Collected data =
|---|
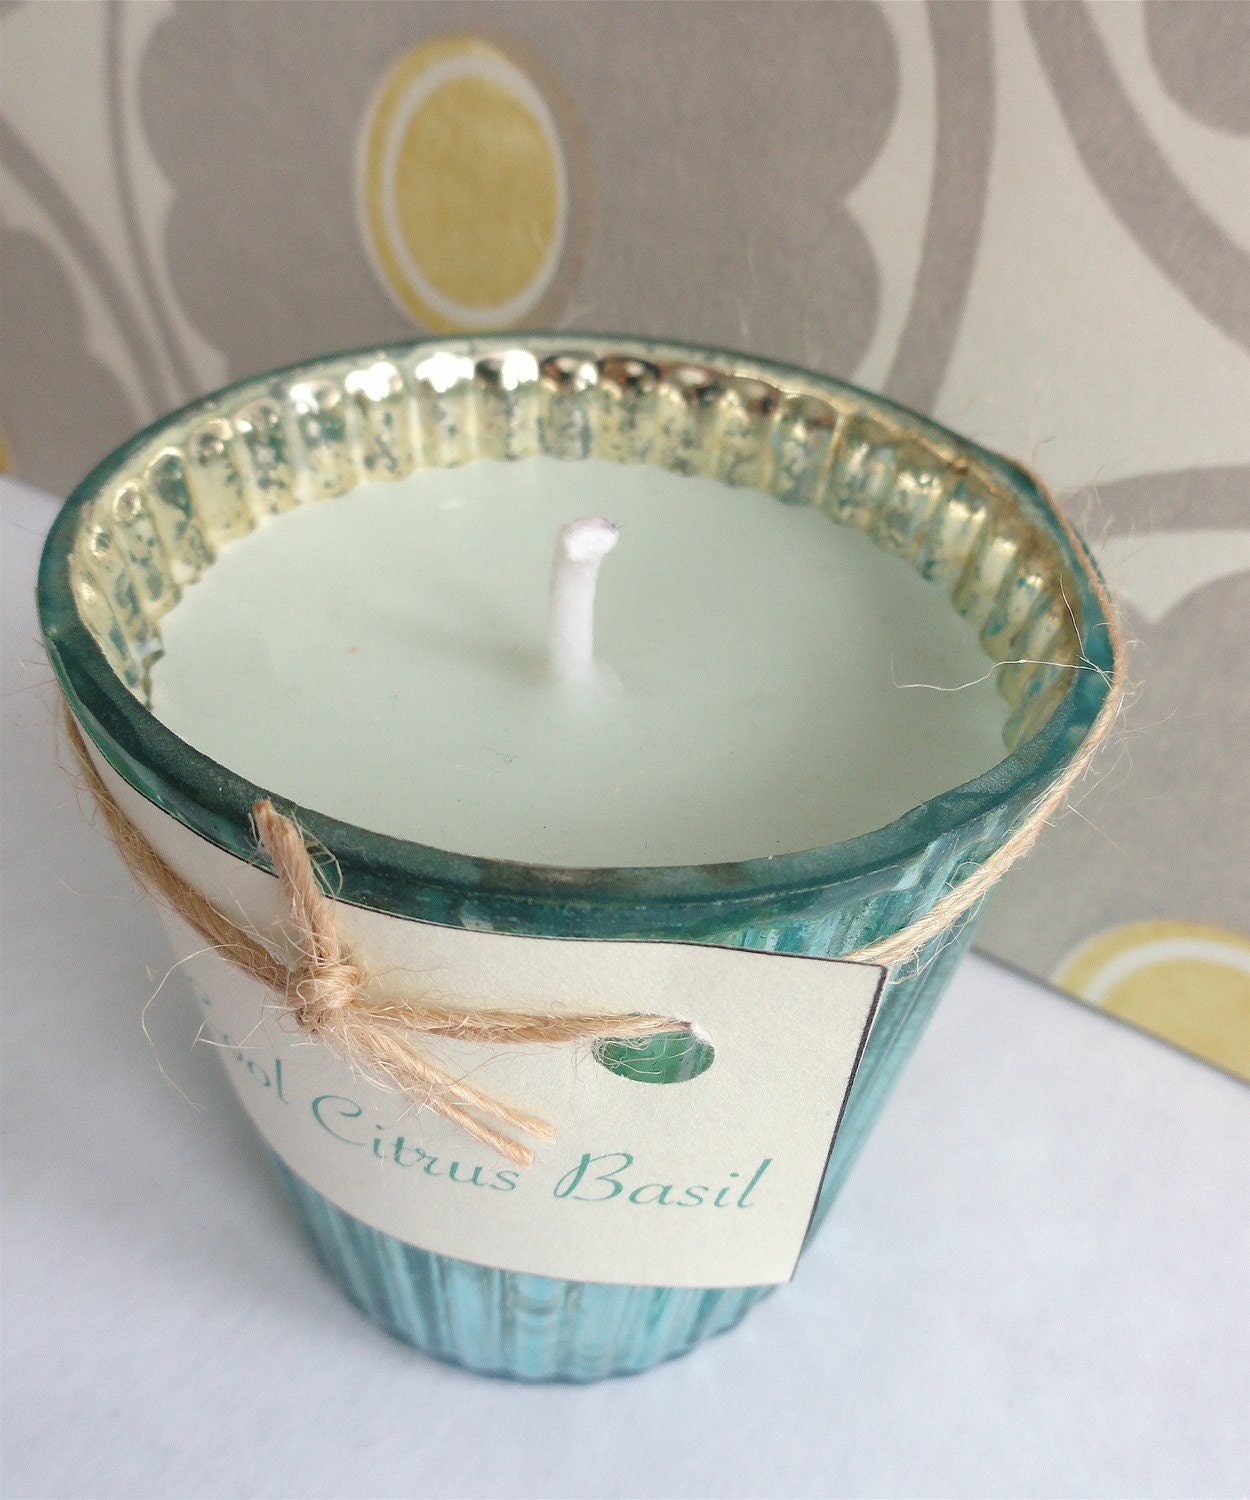 COOL CITRUS BASIL Handcrafted Soy Candle Recycled (6 oz.)
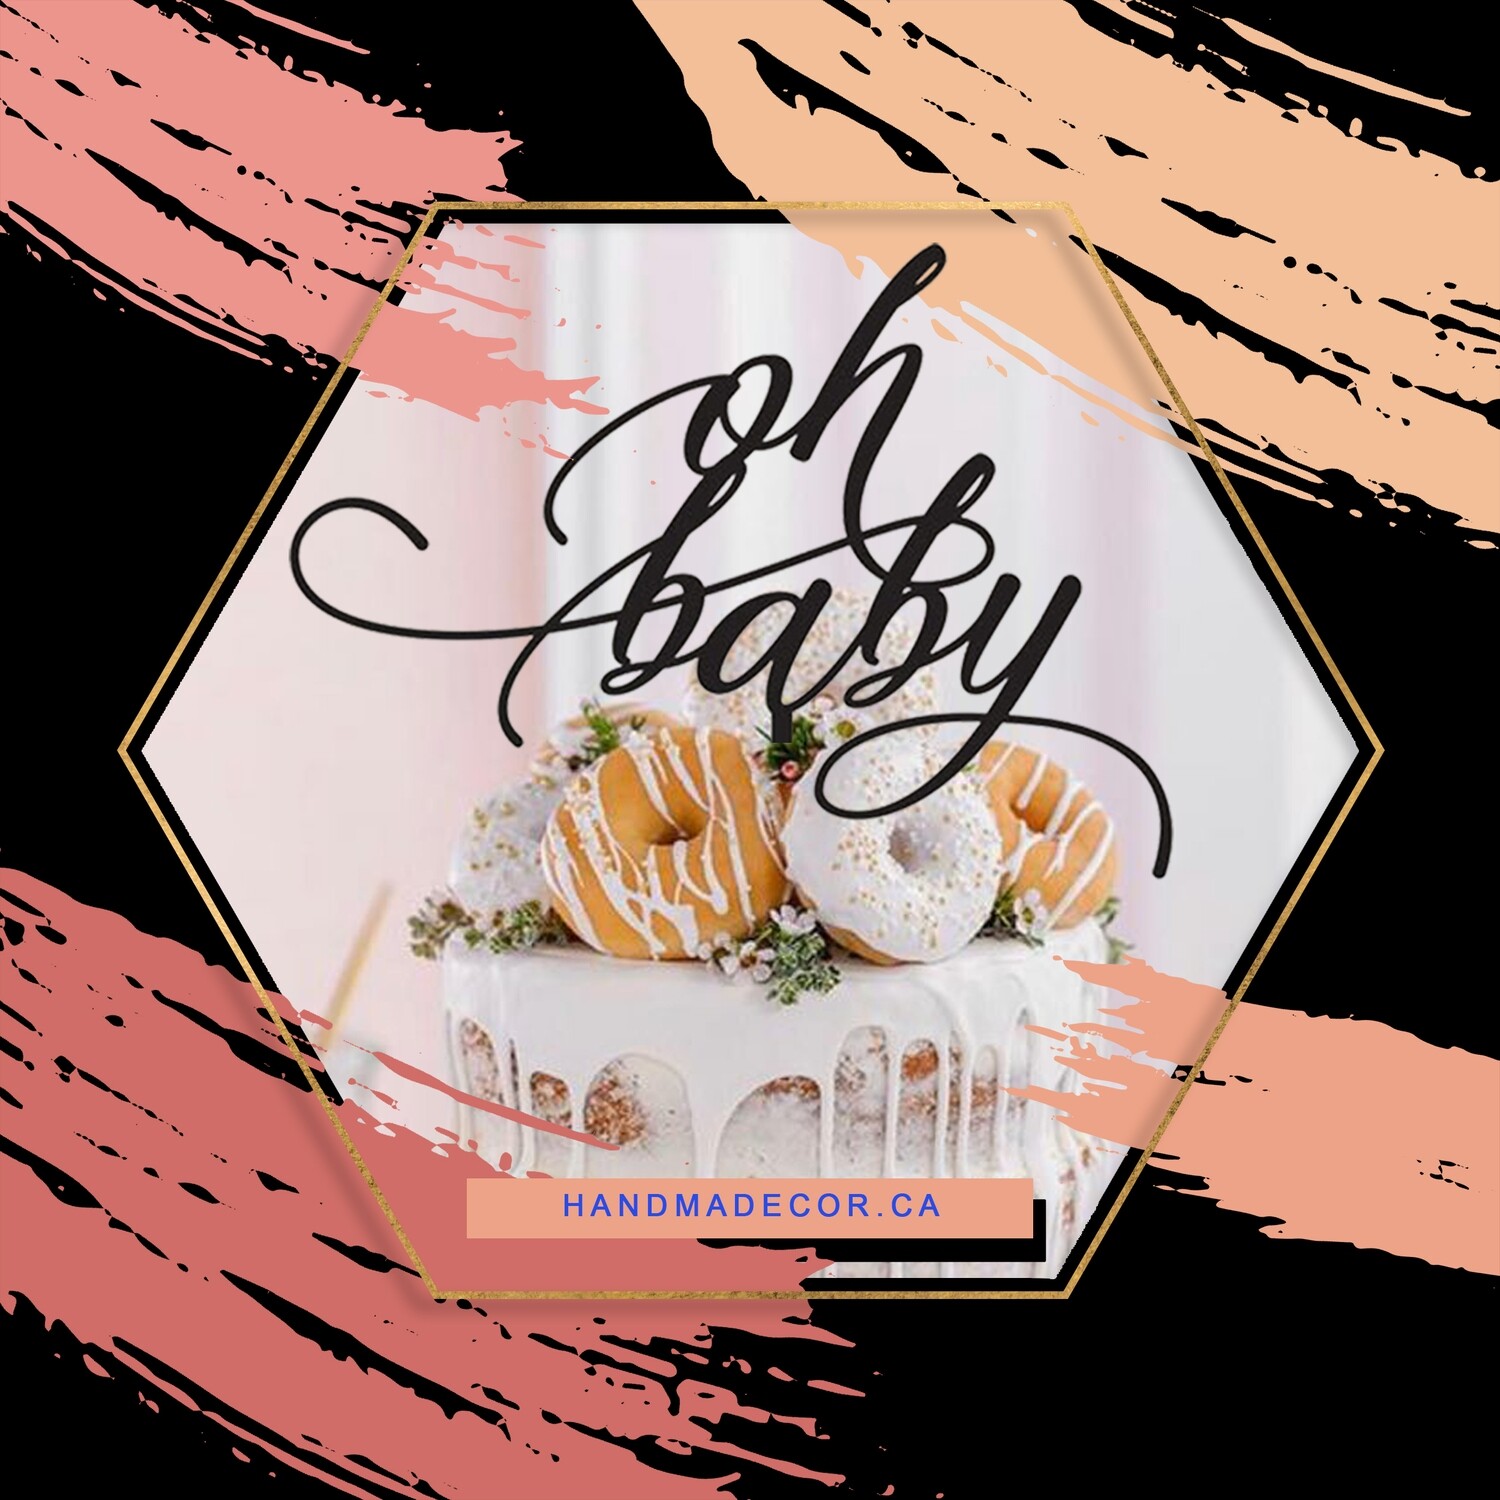 Oh baby Cake Topper - Reveal Cake topper
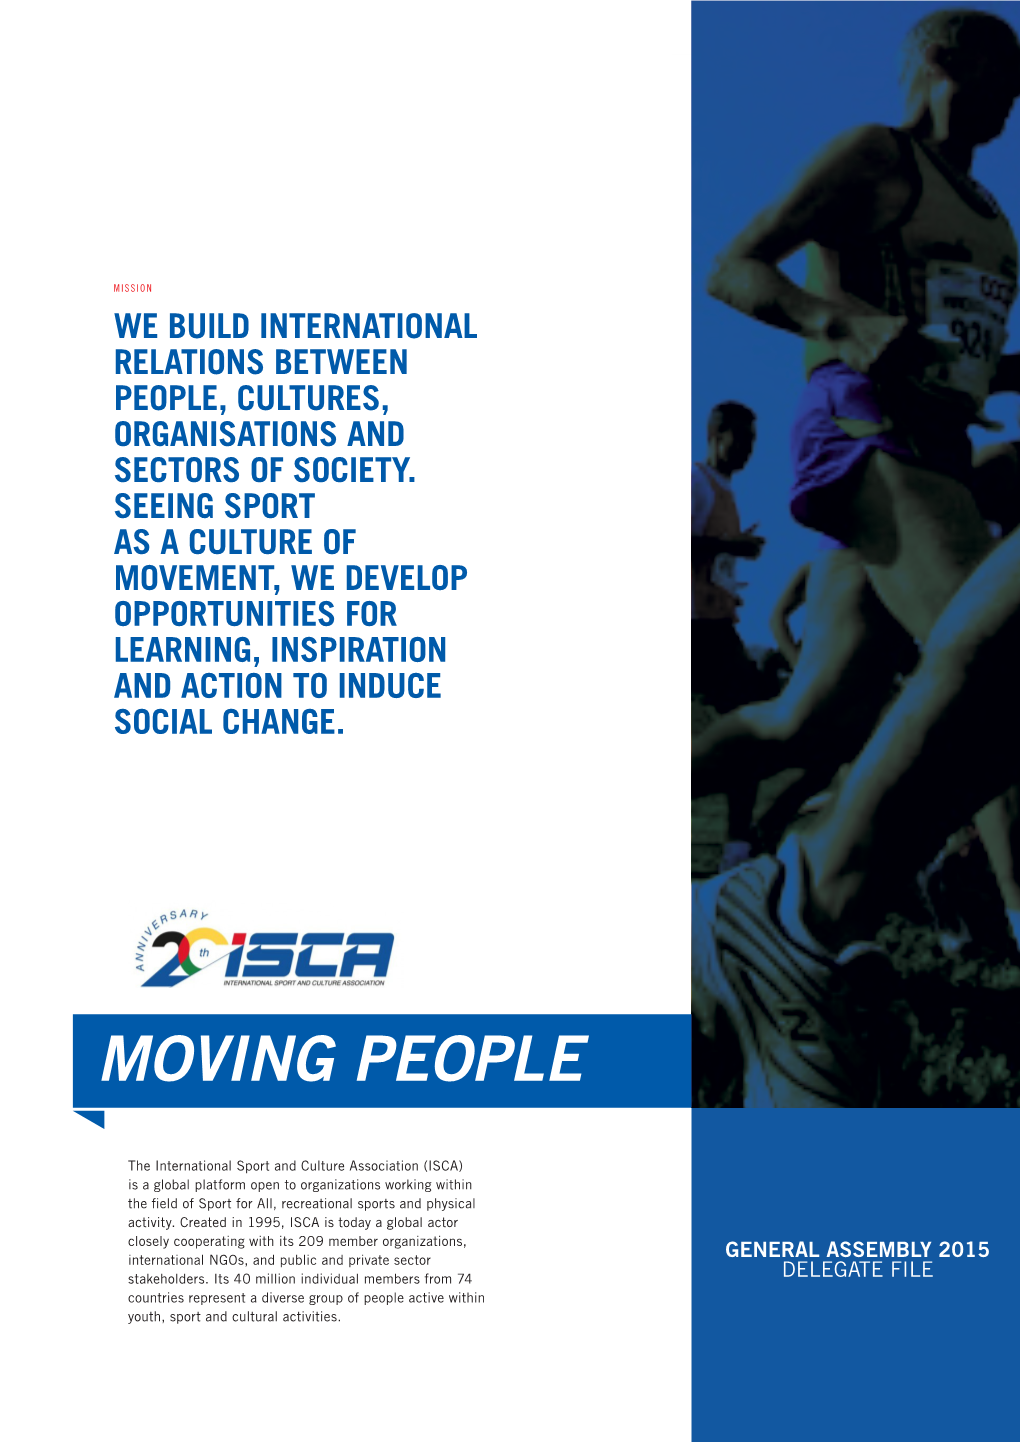 We Build International Relations Between People, Cultures, Organisations and Sectors of Society
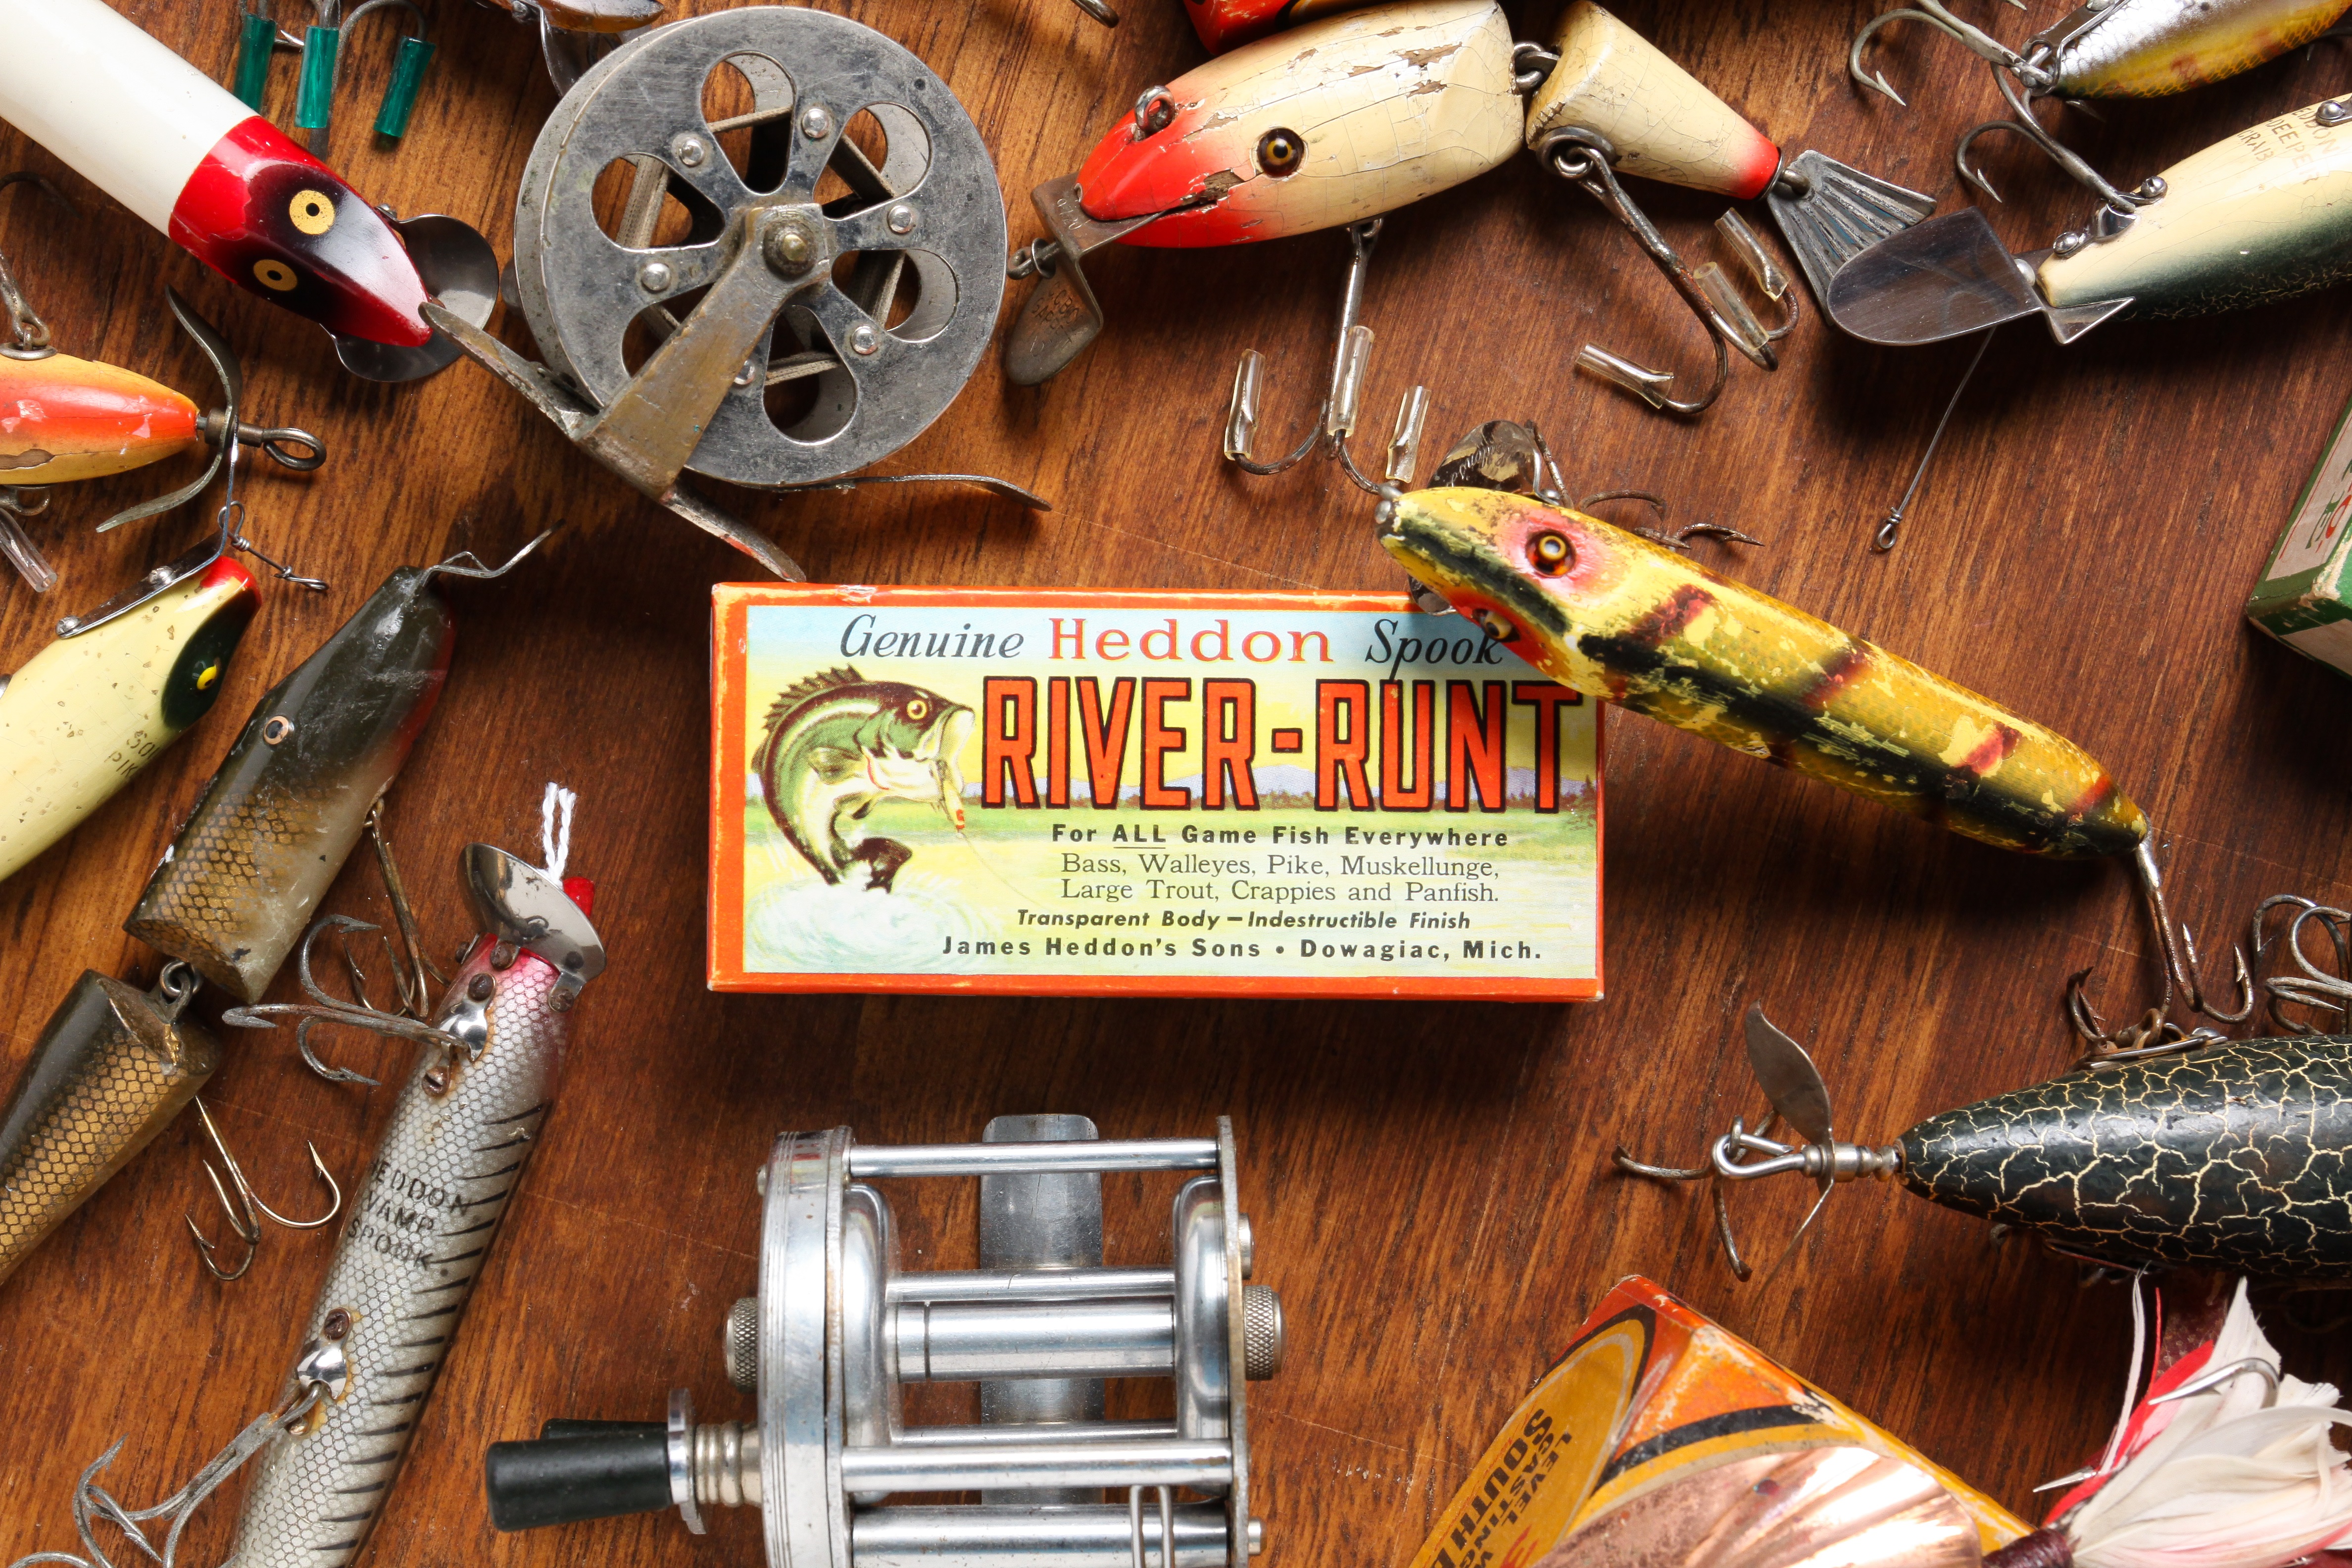 Antique Lure Show Coming to Buckeye Lake, Sports
|---|
Everything in the data above should be set down again exactly, except the pictures.

 COOL CITRUS BASIL Handcrafted Soy Candle Recycled (6 oz.)
 Oh baby Cake Topper - Reveal Cake topper
 We Build International Relations Between People, Cultures, Organisations and Sectors of Society
 Antique Lure Show Coming to Buckeye Lake, Sports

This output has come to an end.